I did not re-install. I’m more confident now that it’s not the RAM as when it was the RAM the system just completely froze up without even a chance to display any additional messages on screen.

I’m certainly hoping it’s not the CPU, that would be a pain. But I might have to wipe TrueNAS and run a different OS to test if the 10Gb port is not the cause.

Do reinstall the OS.

Anything you did while running faulty RAM is suspect, it could be corrupt in hard to figure out places. Unfortunately it could also have corrupted your pools in such a way that they trigger crashes, but first handle the easy things, like the OS.

2 Likes

Update: I reinstalled TrueNAS on the 100GB boot SSD, went to bed and found it has crashed again. I’m gonna try the 2.5Gb port now.

Edit to add screenshot of latest crash:

1 Like

I went down the Aquantia “atlantic” with TrueNAS issues rabbit hole last night and thought that might be it but gutted. Disabled the 10Gb NIC in BIOS and used the 2.5Gb NIC but still crashes.

I had a similar issue with similar hardware, try it with a different OS next and run it for a few days on that, see what happens. In my case it appears to be a damaged motherboard, waiting on a replacement to confirm.

1 Like

you still crashes, but everytime the error seems different (but always about a corrupted pointer).
This is kinda worrying, if a fresh install didn’t help, ram are ok… what @JohnnyM adviced sound pretty usefull to ensure before contiunue

1 Like

There’s something in /var/log/messages at the time when it crashed last night.
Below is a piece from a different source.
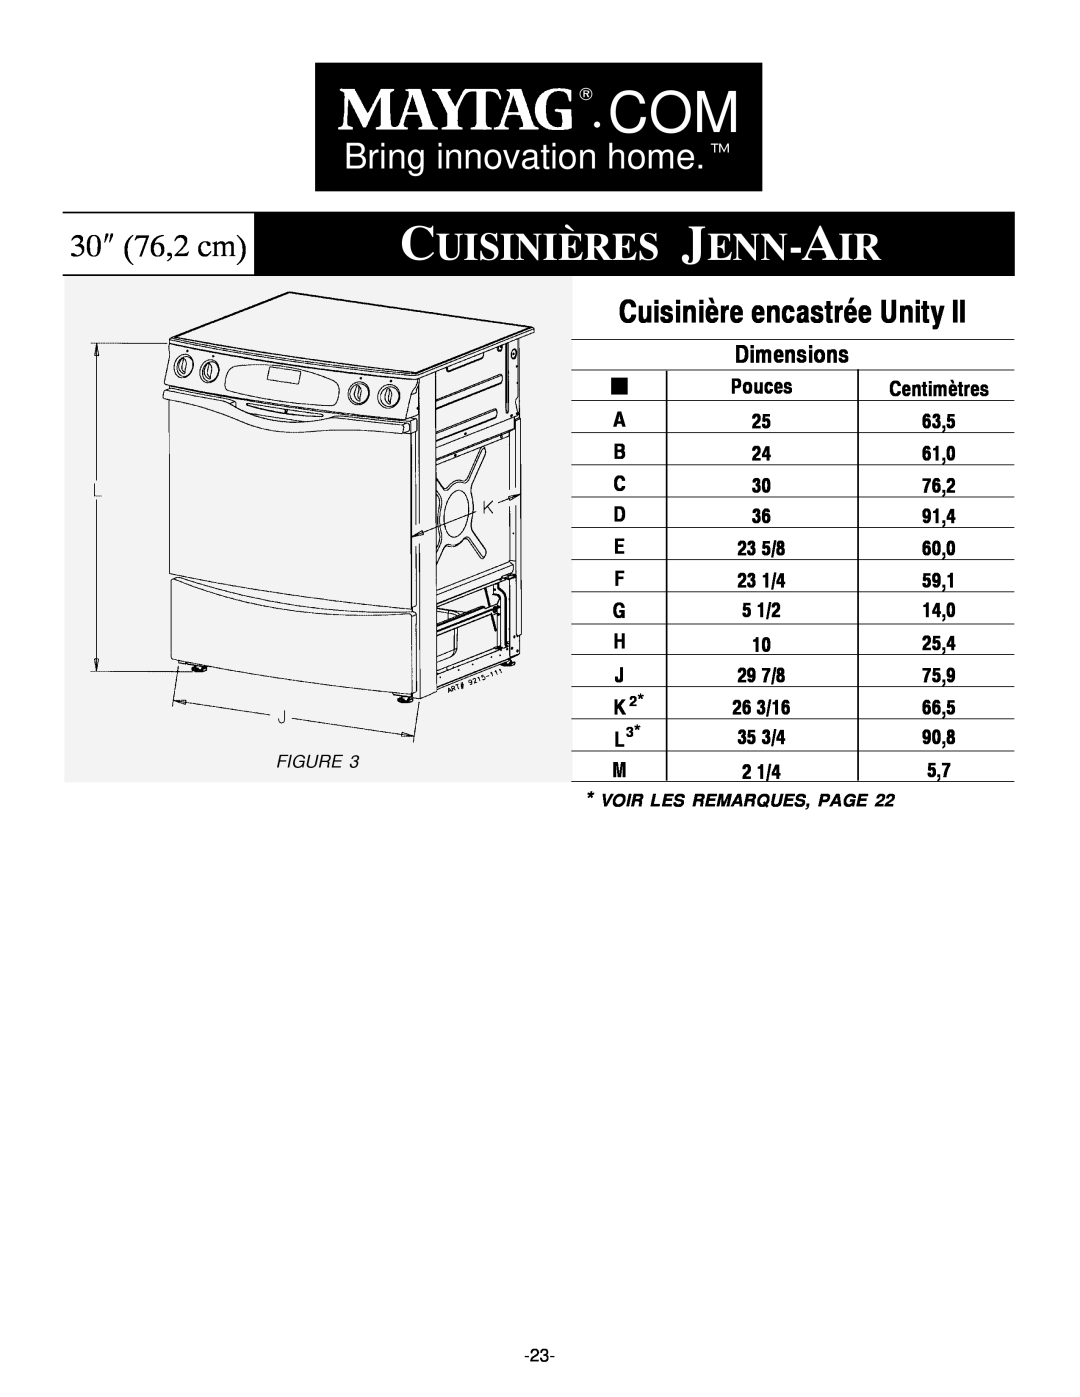 Jenn-Air Range Dimensions, Cuisinières Jenn-Air, Bring innovation home.t, 30 76,2 cm, Cuisinière encastrée Unity 
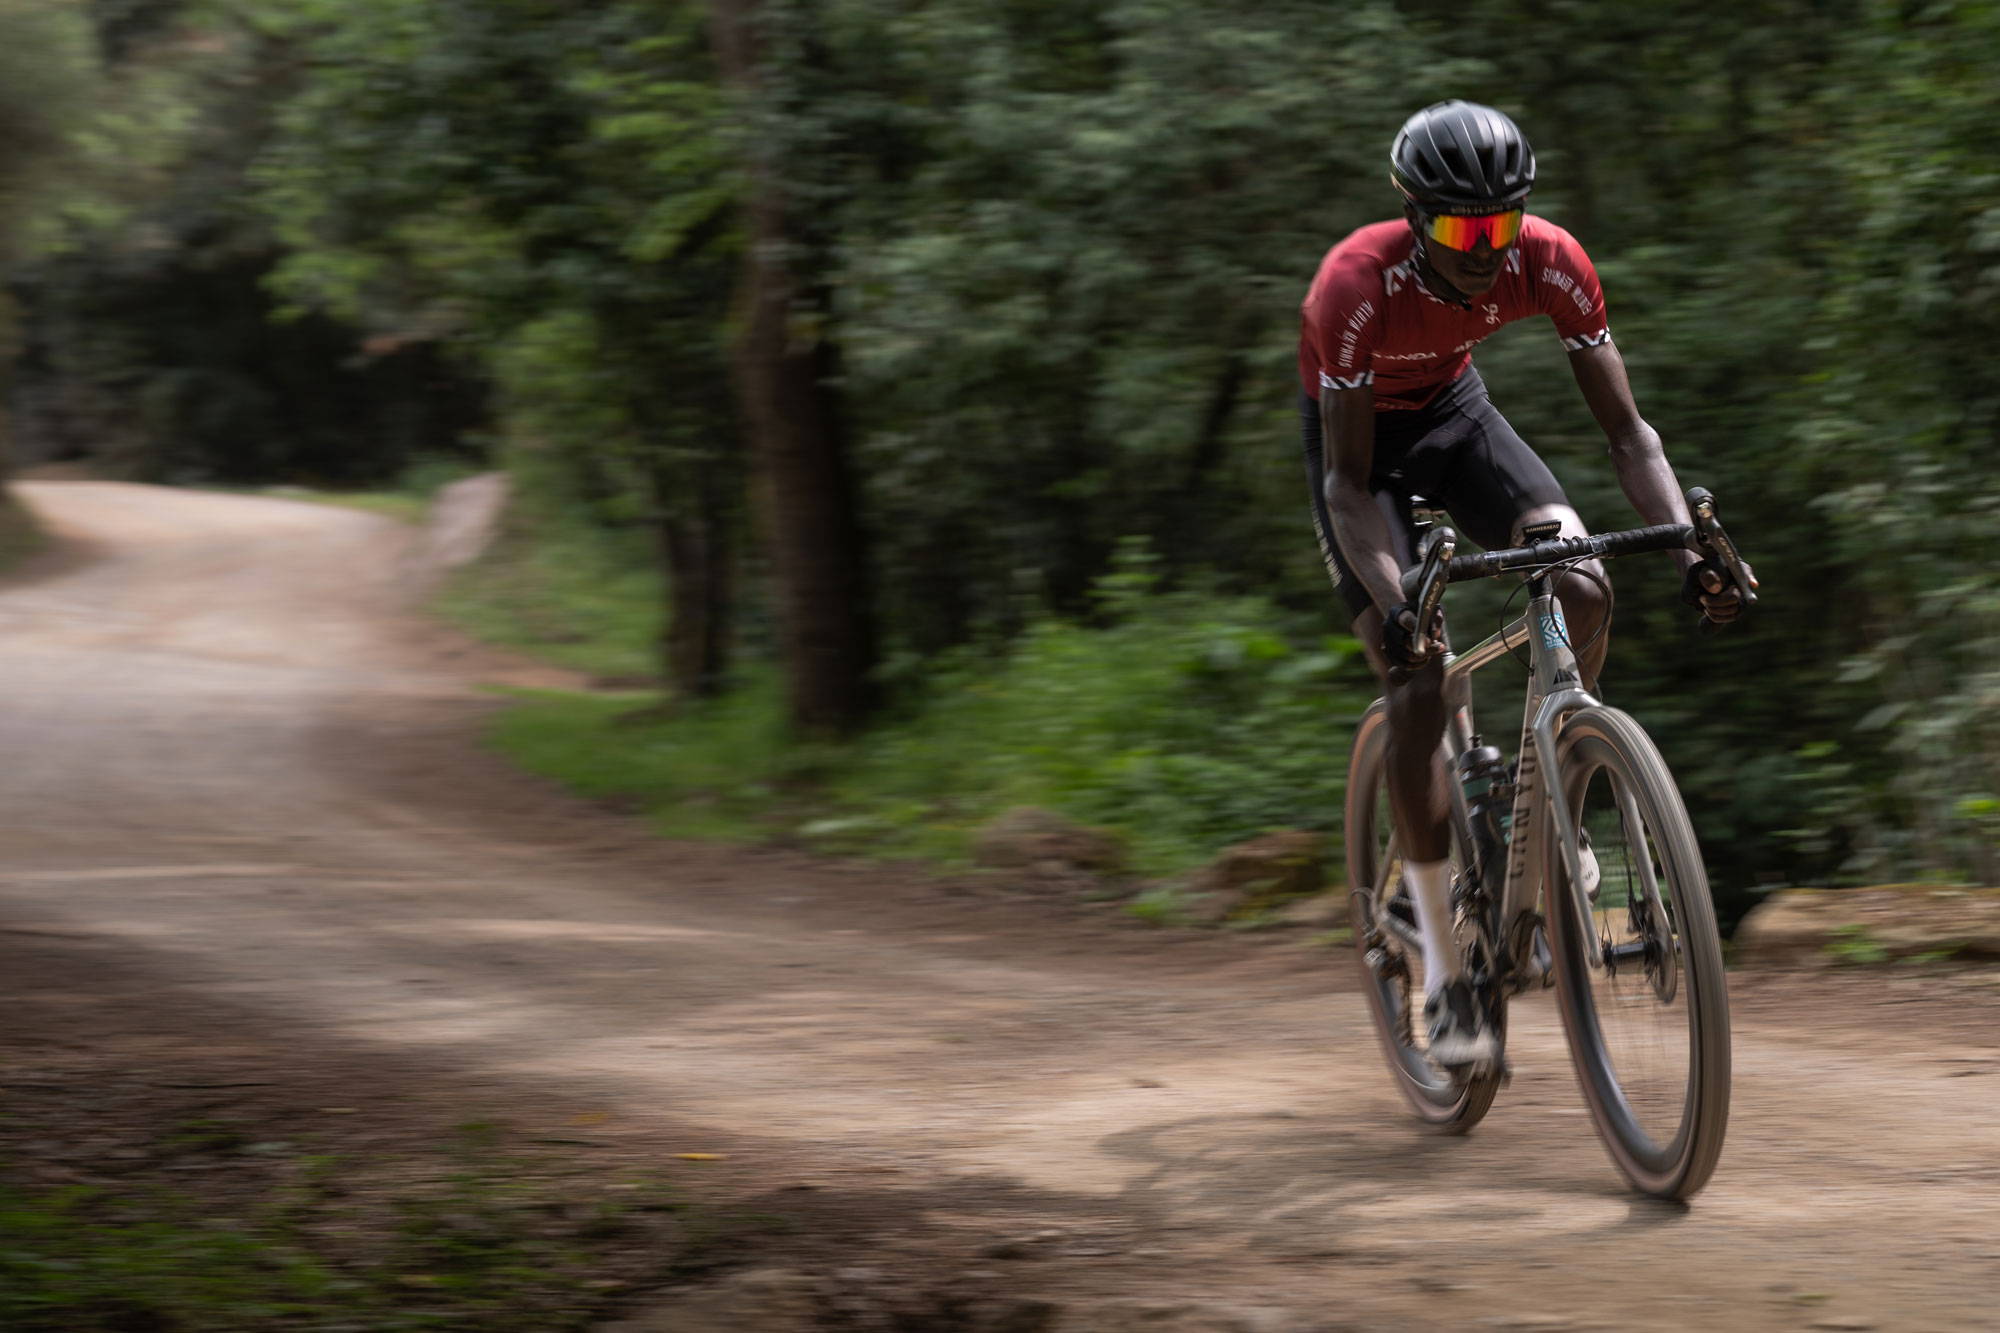 Rwanda Beyond rider Innocent

Software or CPU related?

Aug 13 02:38:38 nassie kernel: show_signal_msg: 11 callbacks suppressed
Aug 13 02:38:38 nassie kernel: asyncio_loop[1031]: segfault at 1c411af ip 000000000046274f sp 00007ffc89653cc0 error 6 in python3.11[6274f,41f000+2b6000] likely on CPU 3 (core 9, socket 0)
Aug 13 02:38:38 nassie kernel: Code: 2e 0f 1f 84 00 00 00 00 00 66 90 41 55 41 54 55 48 89 f5 53 48 89 fb 48 83 ec 08 48 8b 77 08 48 8b 46 60 48 81 c0 0f 84 2f 01 <00> 00 48 8b 90 e0 00 00 00 48 85 d2 74 3a 48 89 ee ff d2 48 3d f0
Aug 13 02:38:38 nassie kernel: truenas_audit_h[2790]: segfault at 1c411af ip 000000000046274f sp 00007fffefcf3110 error 6 in python3.11[6274f,41f000+2b6000] likely on CPU 3 (core 9, socket 0)
Aug 13 02:38:38 nassie kernel: Code: 2e 0f 1f 84 00 00 00 00 00 66 90 41 55 41 54 55 48 89 f5 53 48 89 fb 48 83 ec 08 48 8b 77 08 48 8b 46 60 48 81 c0 0f 84 2f 01 <00> 00 48 8b 90 e0 00 00 00 48 85 d2 74 3a 48 89 ee ff d2 48 3d f0
Aug 13 02:39:12 nassie kernel: Linux version 6.12.15-production+truenas (root@tnsbuilds02) (gcc (Debian 12.2.0-14) 12.2.0, GNU ld (GNU Binutils for Debian) 2.40) #1 SMP PREEMPT_DYNAMIC Wed Aug  6 17:37:09 UTC 2025
Aug 13 02:39:12 nassie kernel: Command line: BOOT_IMAGE=/ROOT/25.04.2.1@/boot/vmlinuz-6.12.15-production+truenas root=ZFS=boot-pool/ROOT/25.04.2.1 ro libata.allow_tpm=1 amd_iommu=on iommu=pt kvm_amd.npt=1 kvm_amd.avic=1 intel_iommu=on zfsforce=1
 nvme_core.multipath=N usb-storage.quirks=2109:0715:u
Aug 13 02:39:12 nassie kernel: x86/split lock detection: #AC: crashing the kernel on kernel split_locks and warning on user-space split_locks

I will wipe the 100GB boot disk and put on a different OS soon to test, just haven’t found the time to do it yet.

Update: Still happening even when using Proxmox with TrueNAS virtualized. Proxmox itself was rebooting or crashing. It’s almost certainly a hardware problem.

Thanks for all the help and pointers given.

Now the fun part is trying to get some support/RMA from UGreen.